None is worse than Irving, of course. His one-man act of subterfuge, a precious should-I-or-shouldn’t-I bit when it came to opting into the last year of his $36.5 million contract, is just the latest in a pattern of pathetic petulance. And even by Irving’s standards, his patently absurd explanation to The Athletic defied all boundaries of shame:

“Normal people keep the world going, but those who dare to be different lead us to tomorrow. I’ve made my decision to opt in. See you in the fall.”

Even for a serial phony like Irving, that is beyond belief, unless “daring to be different” can be interpreted as “I tried to muscle my way out of town but discovered that the only option for me — maybe — was taking a $6 million one-year deal with the Lakers.”

He will lead the Nets toward tomorrow with $31 million more than that.

Talk about a profile in courage.

Kyrie Irving
Getty Images

So the Nets — or at least that portion of the organization that Irving identifies as “normal” — will hold their noses and welcome Irving back after winning this stare-down, and take one more crack at the Eastern Division code. This was always the most hopeful scenario for the Nets if they remain steadfast in following through, to the endgame, their decision in July 2019 to go big-game hunting, bringing on Irving and Kevin Durant.

Of course, every time you mention this you must add this qualifier: “assuming Irving doesn’t wander off the reservation too often.” It is the annual surcharge for Irving’s services, something that was already well established in Cleveland and Boston.

The pity of this, of all of this, is that once again Durant is forced to take a front-row seat to the Irving freak show. All Durant has done is his job: consistently, quietly and excellently. There have been some social media hiccups, and a few media skirmishes, but in three years (and two seasons) with the Nets he has shown up on time, played hard, and played as well as anyone in the NBA.

He is 28.7 points, 7.3 rebounds and 6.8 assists across 90 games as a Net. He is in the rarefied 40/50/90 shooter’s club as a Net (specifically: 40.9 percent from 3-point range; 52.5 overall; 90.0 from the line). If the Celtics contained him in the playoffs this year (if you can call a 26.3-point average “contained”), it should be remembered that a year earlier, with Irving out and Harden hobbled, he did his damnedest to keep the Nets viable in the playoffs, averaging 34.3 points, shooting 51.4 percent.

Surrounded by surfeit of snowflakes, Durant has been a pillar of quiet reliability.

For the good of the team, for the sanctity of the chase, he will surely do so again this year. He has steadfastly refused to criticize Irving for any of his quirks and peculiarities. He has been a trusted wingman even when Irving has broken formation.
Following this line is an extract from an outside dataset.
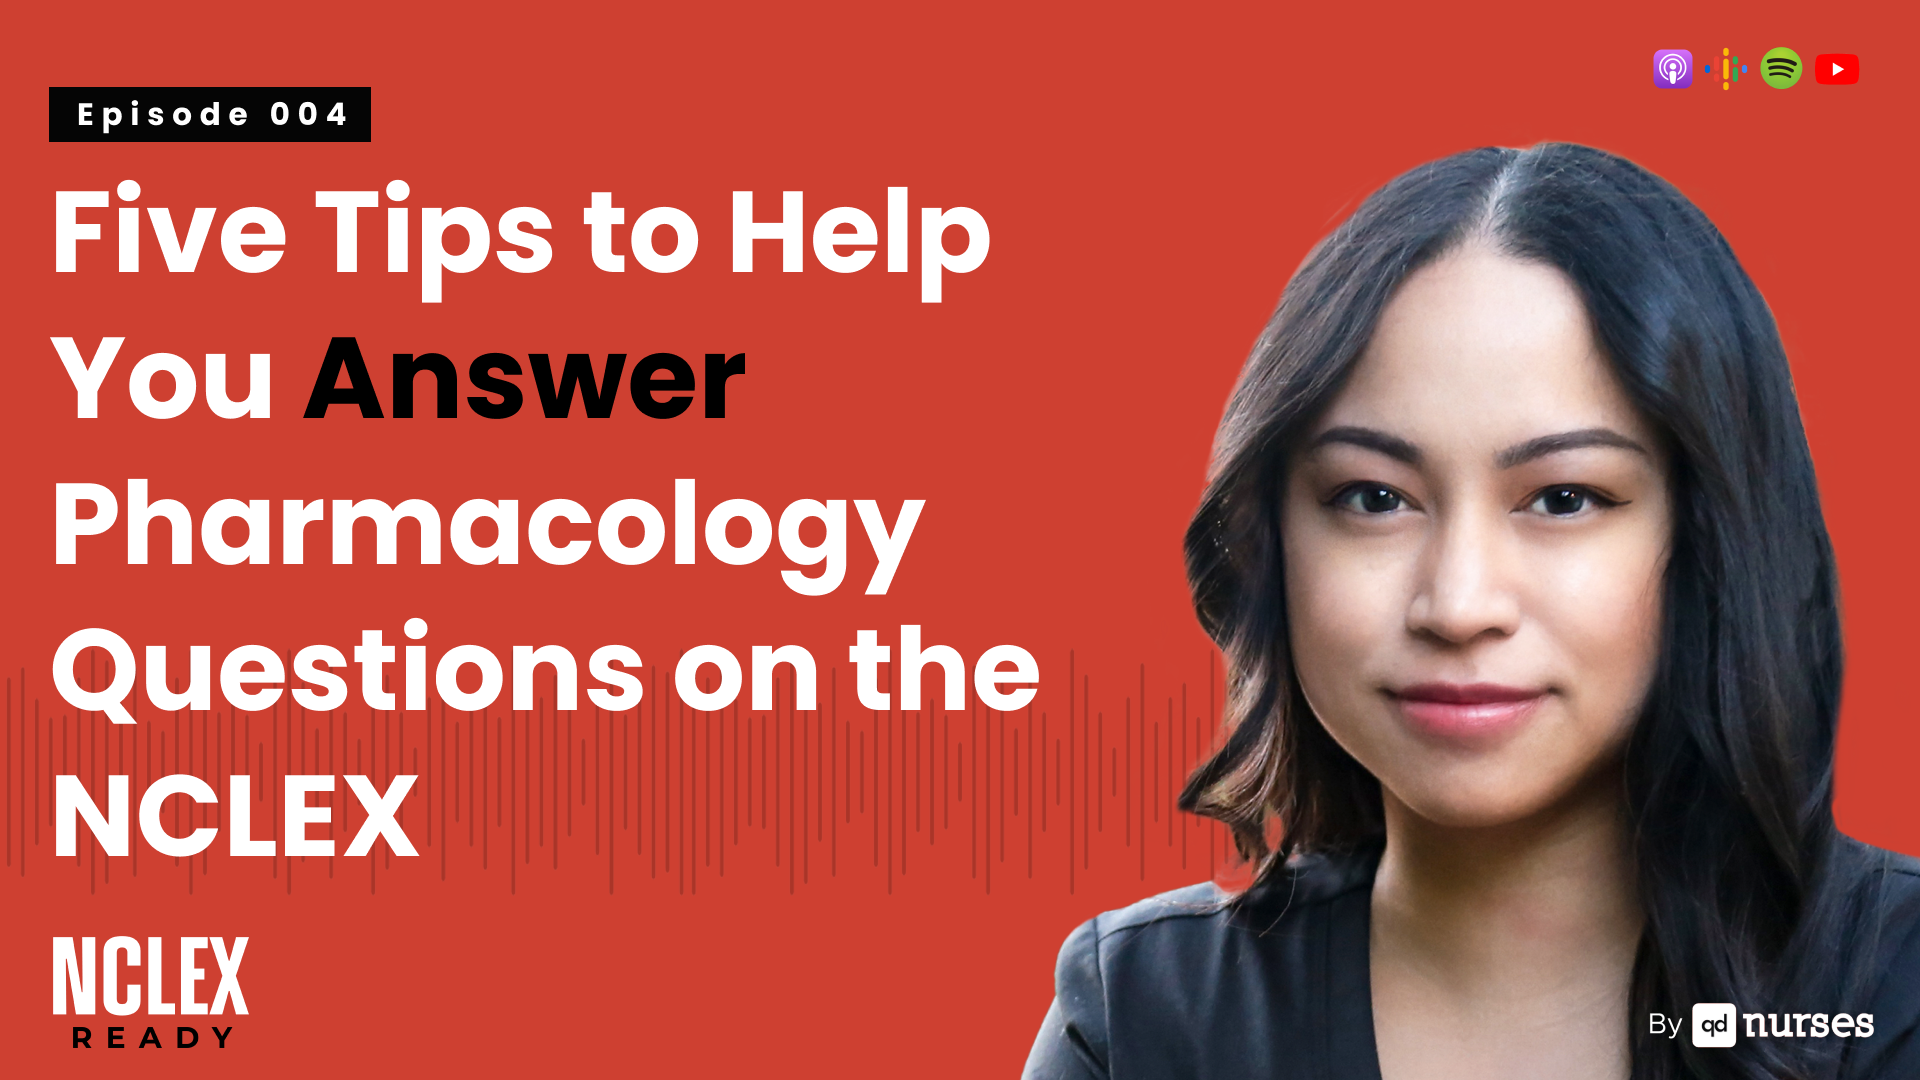 My Top Tips To Help You Answer Pharmacology Questions On The Nclex Qd Nurses
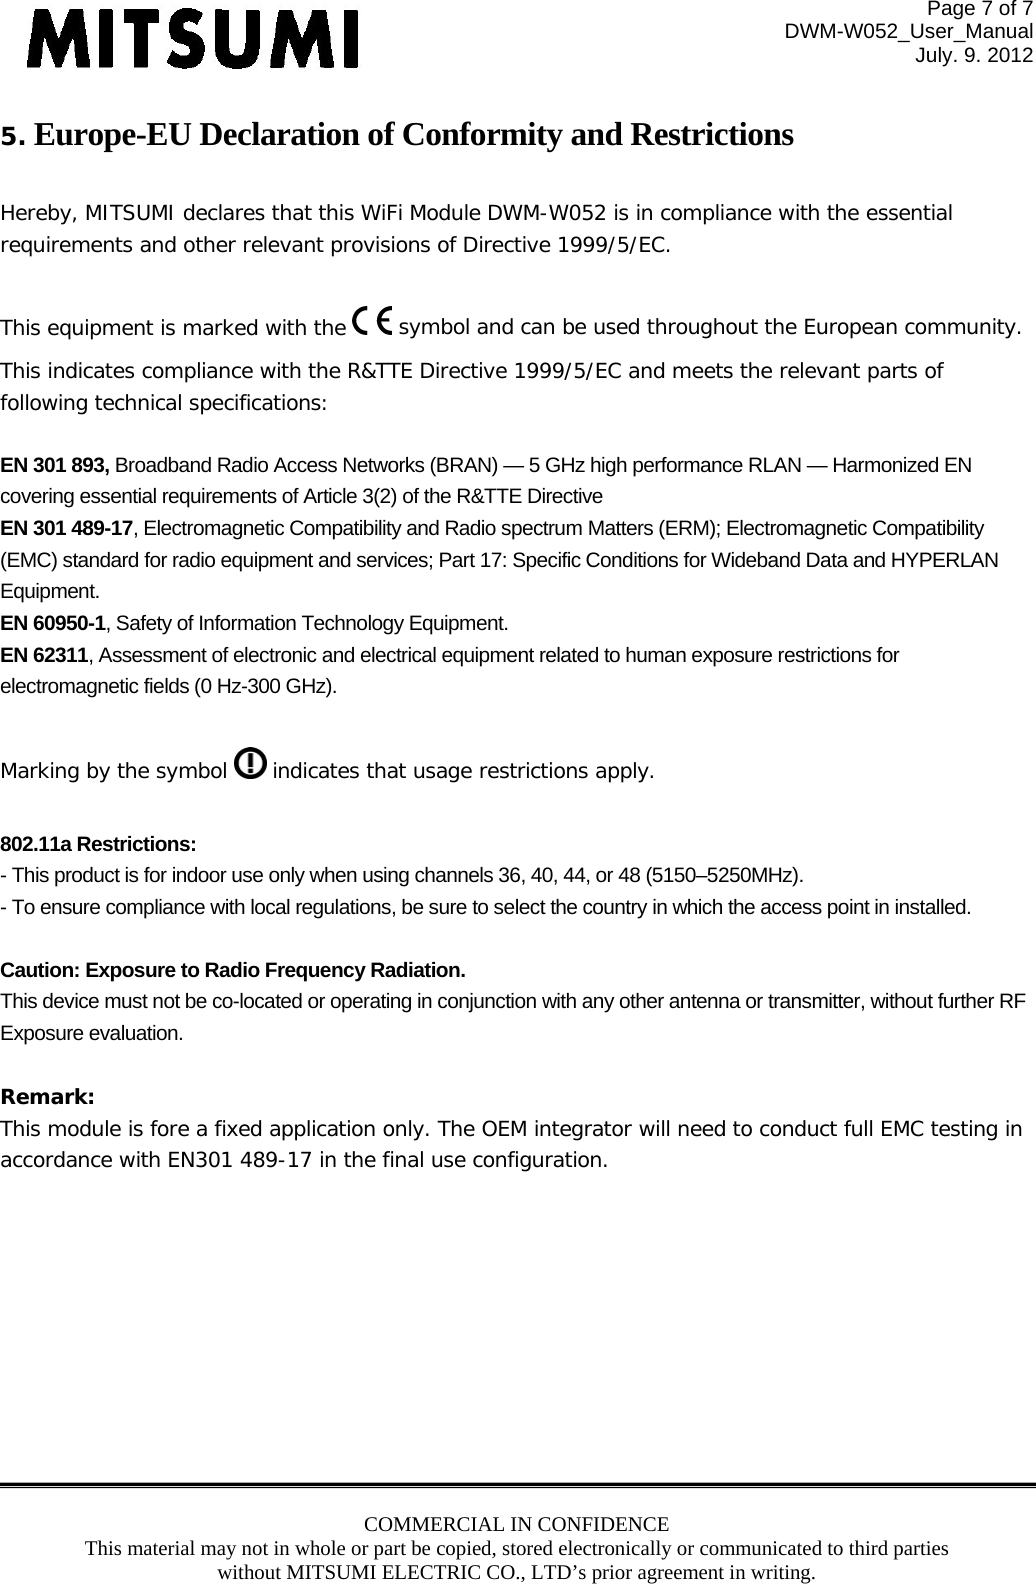 Page 7 of 7 DWM-W052_User_Manual July. 9. 2012 COMMERCIAL IN CONFIDENCE This material may not in whole or part be copied, stored electronically or communicated to third parties without MITSUMI ELECTRIC CO., LTD’s prior agreement in writing.  5. Europe-EU Declaration of Conformity and Restrictions  Hereby, MITSUMI declares that this WiFi Module DWM-W052 is in compliance with the essential requirements and other relevant provisions of Directive 1999/5/EC.  This equipment is marked with the   symbol and can be used throughout the European community. This indicates compliance with the R&amp;TTE Directive 1999/5/EC and meets the relevant parts of following technical specifications:  EN 301 893, Broadband Radio Access Networks (BRAN) — 5 GHz high performance RLAN — Harmonized EN covering essential requirements of Article 3(2) of the R&amp;TTE Directive EN 301 489-17, Electromagnetic Compatibility and Radio spectrum Matters (ERM); Electromagnetic Compatibility (EMC) standard for radio equipment and services; Part 17: Specific Conditions for Wideband Data and HYPERLAN Equipment. EN 60950-1, Safety of Information Technology Equipment. EN 62311, Assessment of electronic and electrical equipment related to human exposure restrictions for electromagnetic fields (0 Hz-300 GHz).  Marking by the symbol   indicates that usage restrictions apply.  802.11a Restrictions: - This product is for indoor use only when using channels 36, 40, 44, or 48 (5150–5250MHz). - To ensure compliance with local regulations, be sure to select the country in which the access point in installed.  Caution: Exposure to Radio Frequency Radiation. This device must not be co-located or operating in conjunction with any other antenna or transmitter, without further RF Exposure evaluation.   Remark:  This module is fore a fixed application only. The OEM integrator will need to conduct full EMC testing in accordance with EN301 489-17 in the final use configuration.

Kevin Durant and Kyrie Irving
Corey Sipkin

And what has he gained for that? He watched his old crew in Golden State win a title without him. He’s lost two of the three playoff series he’s played as a Net. He had to listen to Charles Barkley say, with some merit, that “before KD gets that great respect from all the old heads, he’s going to have to win a championship as the bus driver.”

If the Nets are indeed going to fulfill their promise, it will be because Durant seizes this team’s narrative as well as its soul. It will be on him — not Nash, not Marks, not Tsai — to rein Irving in. He really does need to drive the bus. He should want to drive the bus, should want to steer it with the Nets, and if he can get them there that bus would sit forever alongside Ralph Kramden’s Bus 2969 for eternal status among Brooklyn buses.

With or without the worst actor in the NBA as his running mate.